# What is the simplified form of 3/(4x + 3) + 21/(8x^{2} + 26x + 15)

**Solution:**

**Step 1:**

First we need to factorise 8x^{2} + 26x + 15 so that LCM is possible to take for both the terms.

On factorising the term 8x^{2} + 26x + 15 by factorization method,

The factors of product 120(8 × 15) are:

20 and 6

So that 20 + 6 gives a middle term that is 26,

which is the rule of factorization of quadratic equation

**Step2:**

⇒ 3/(4x + 3) + 21 / (8x^{2} + 26x + 15)

= 3/(4x + 3) + 21/(2x + 5)(4x + 3)

In the first term only 4x + 3 is the term in the denominator which is need to multiplied by (2x + 5) with both numerator and denominator

⇒3/(4x + 3) + 21/(2x + 5)(4x + 3)

= [3(2x + 5)/(4x + 3)(2x + 5)] + [21/(2x + 5)(4x + 3)]

**Step3:**

After taking LCM for both the terms

⇒ 3/(4x + 3) + 21/(2x + 5)(4x + 3) = [3(2x + 5) + 21 ] / (4x + 3)(2x + 5)

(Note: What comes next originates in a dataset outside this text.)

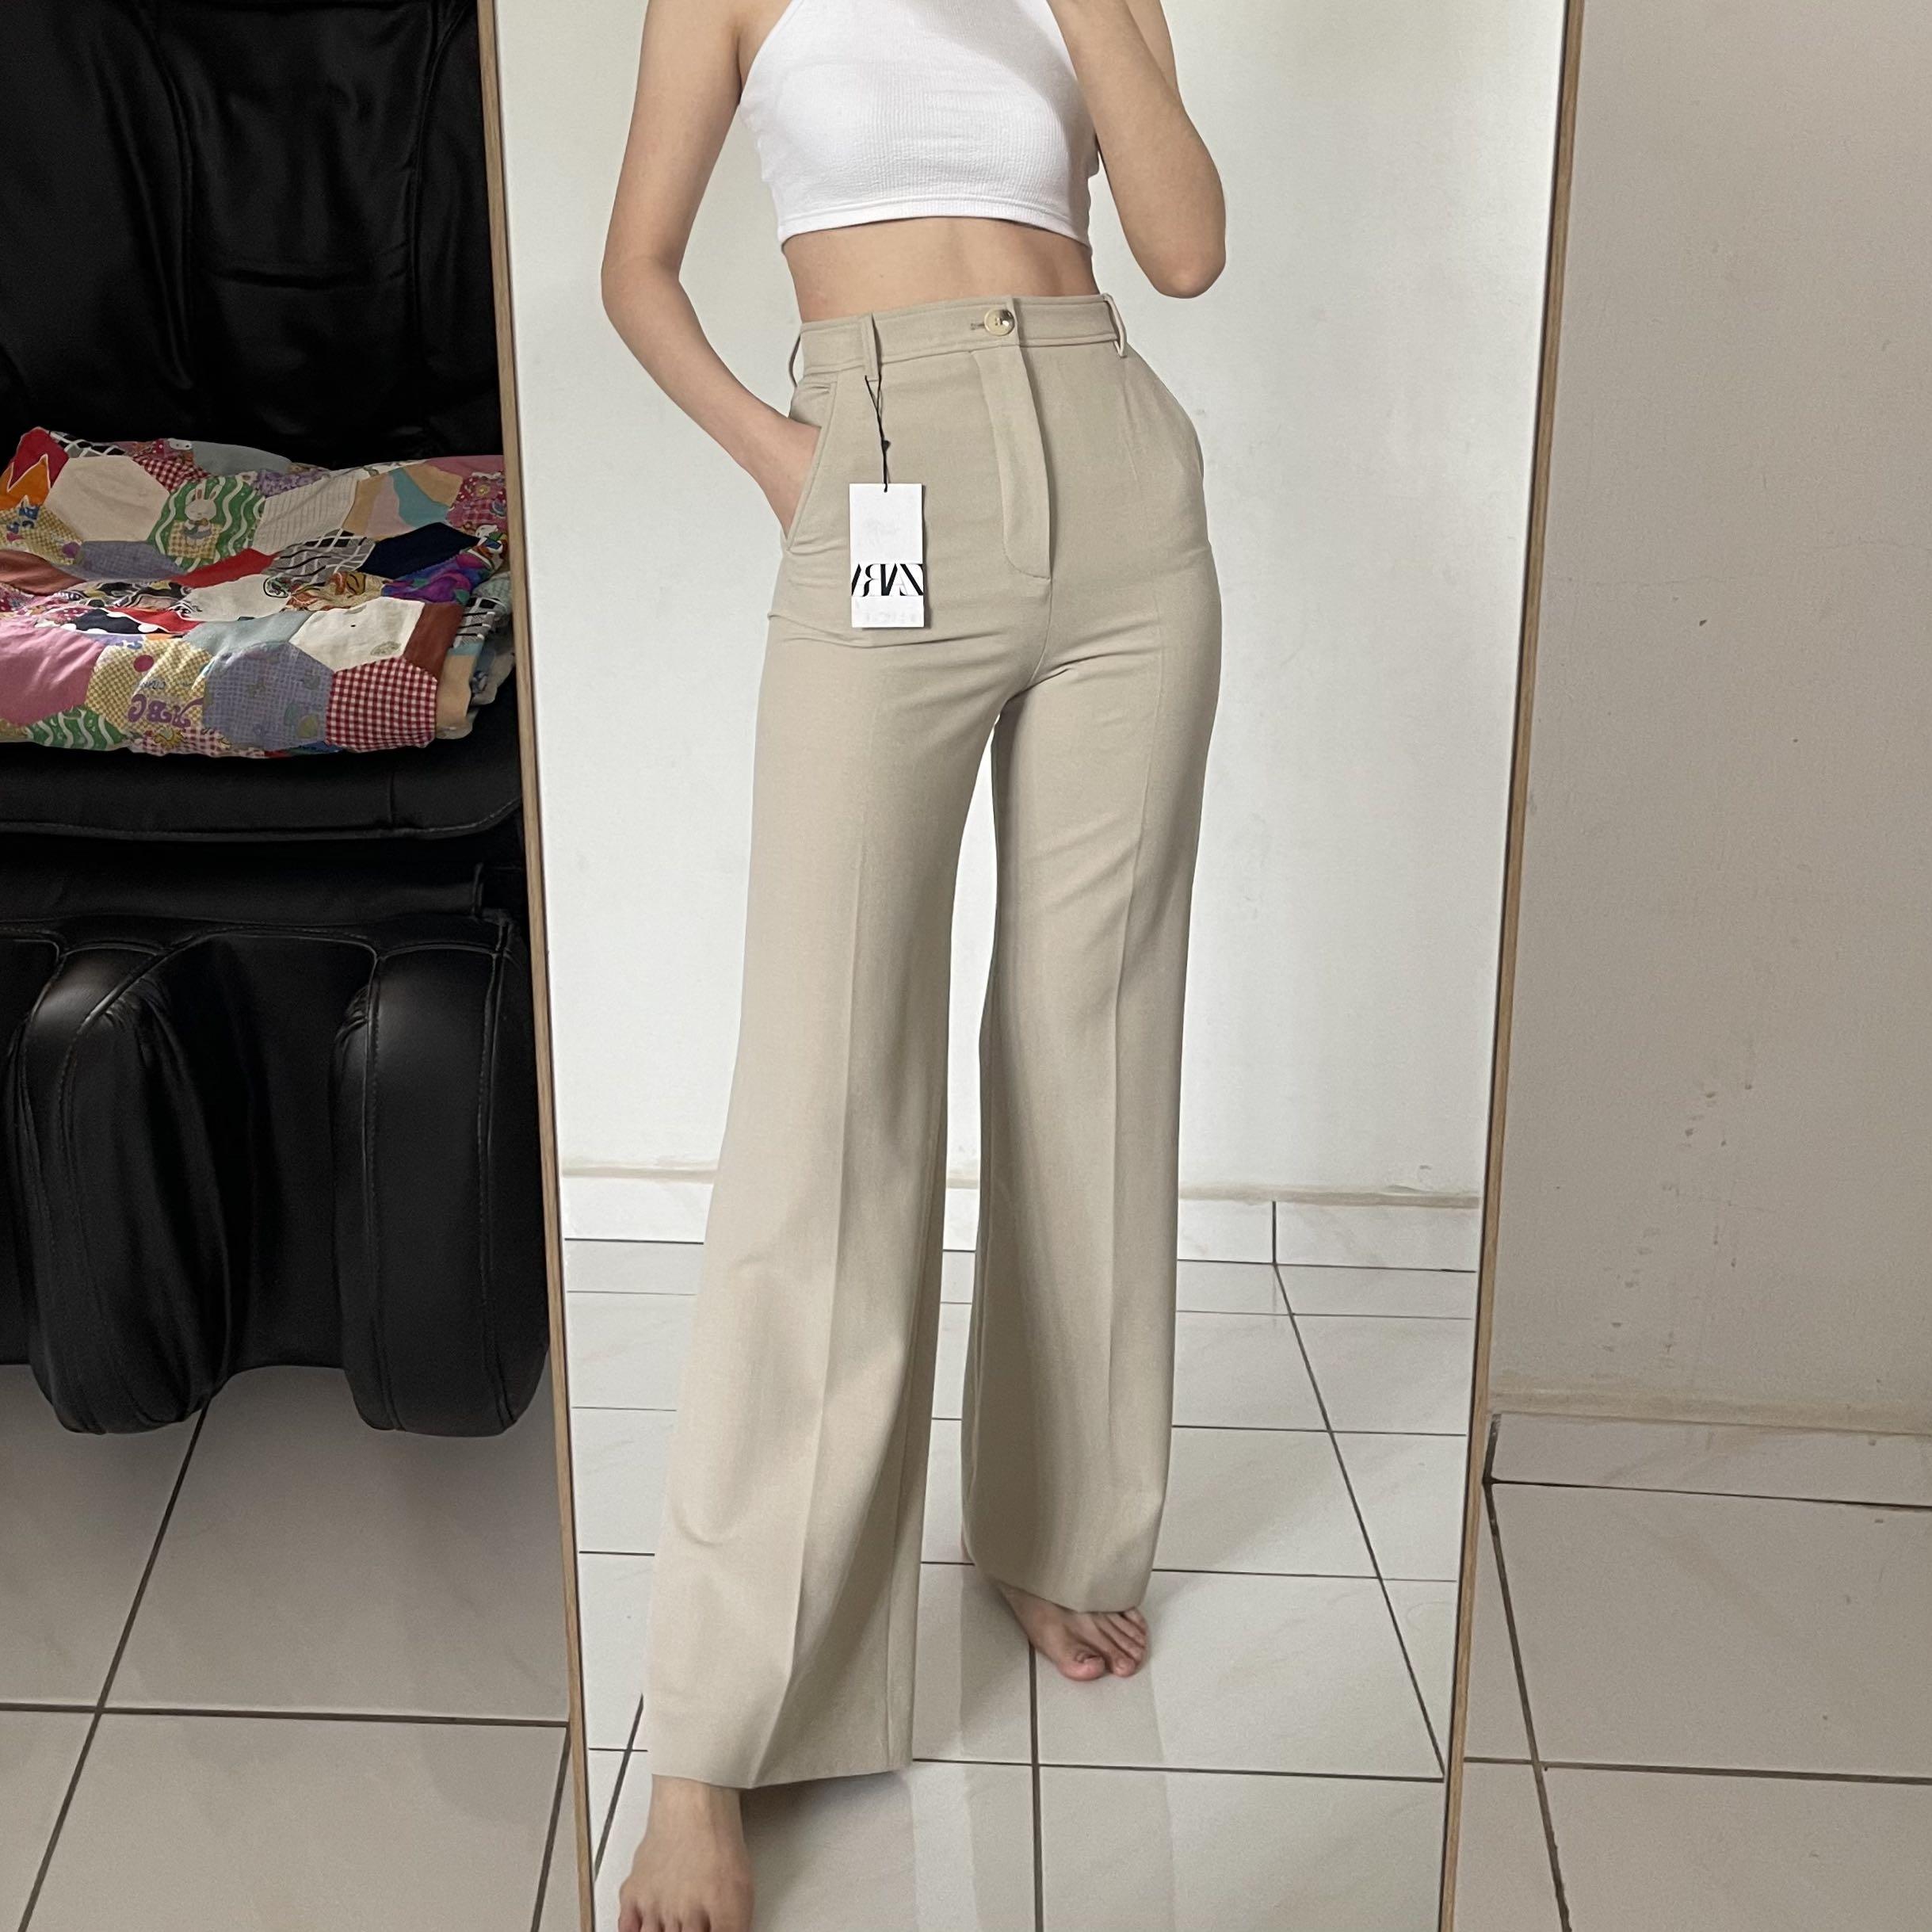 Zara pants 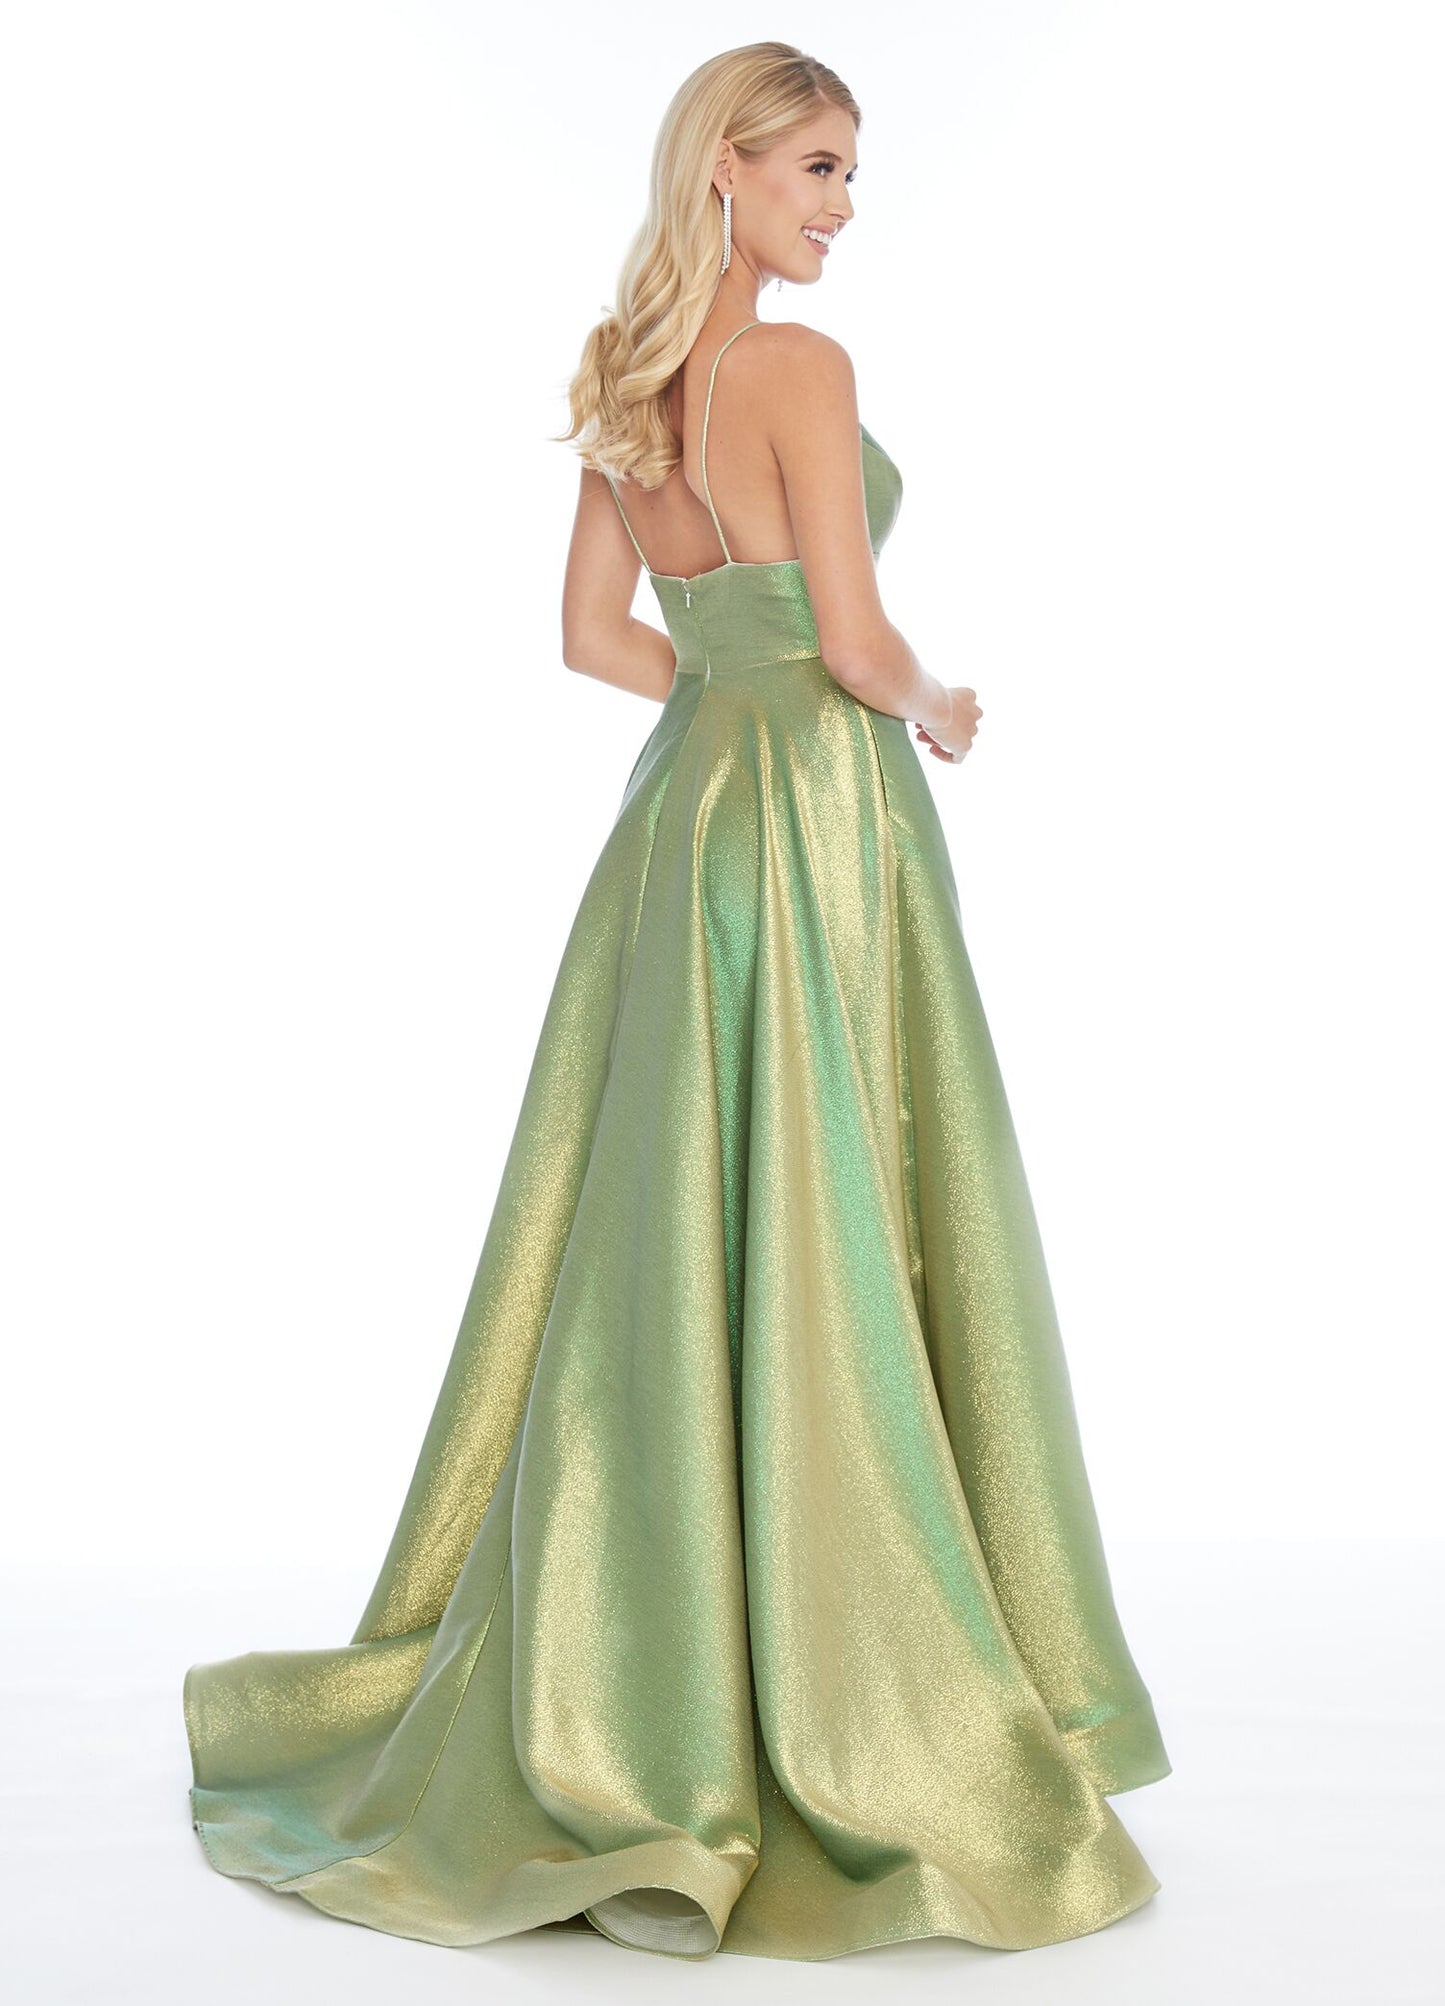 Ashley Lauren 1937 Hot Pink/Gold Prom Dress sz 4,6,8 Metallic shimmer v neckline A line

⇒ 3/(4x + 3) + 21/(2x + 5)(4x + 3) = [6x + 15 + 21 ]/(4x + 3) (2x + 5)

⇒ 3/(4x + 3) + 21/(2x + 5)(4x + 3) = [6x + 36 ]/(4x + 3)(2x + 5)

⇒ 3/(4x + 3) + 21/(2x + 5)(4x + 3) = 6(x + 6)/(4x + 3)(2x + 5)

**Therefore, the simplified form is 6(x + 6)/(4x + 3)(2x + 5)**

## What is the simplified form of 3/(4x + 3) + 21/(8x^{2} + 26x + 15)

**Summary :**

The simplified form of 3/(4x + 3) + 21/(8x^{2} + 26x + 15) is 6(x + 6)/(4x + 3)(2x + 5). Since it is not possible to do further simplification 6(x + 6)/(4x + 3)(2x + 5) is the simplified form of the given expression.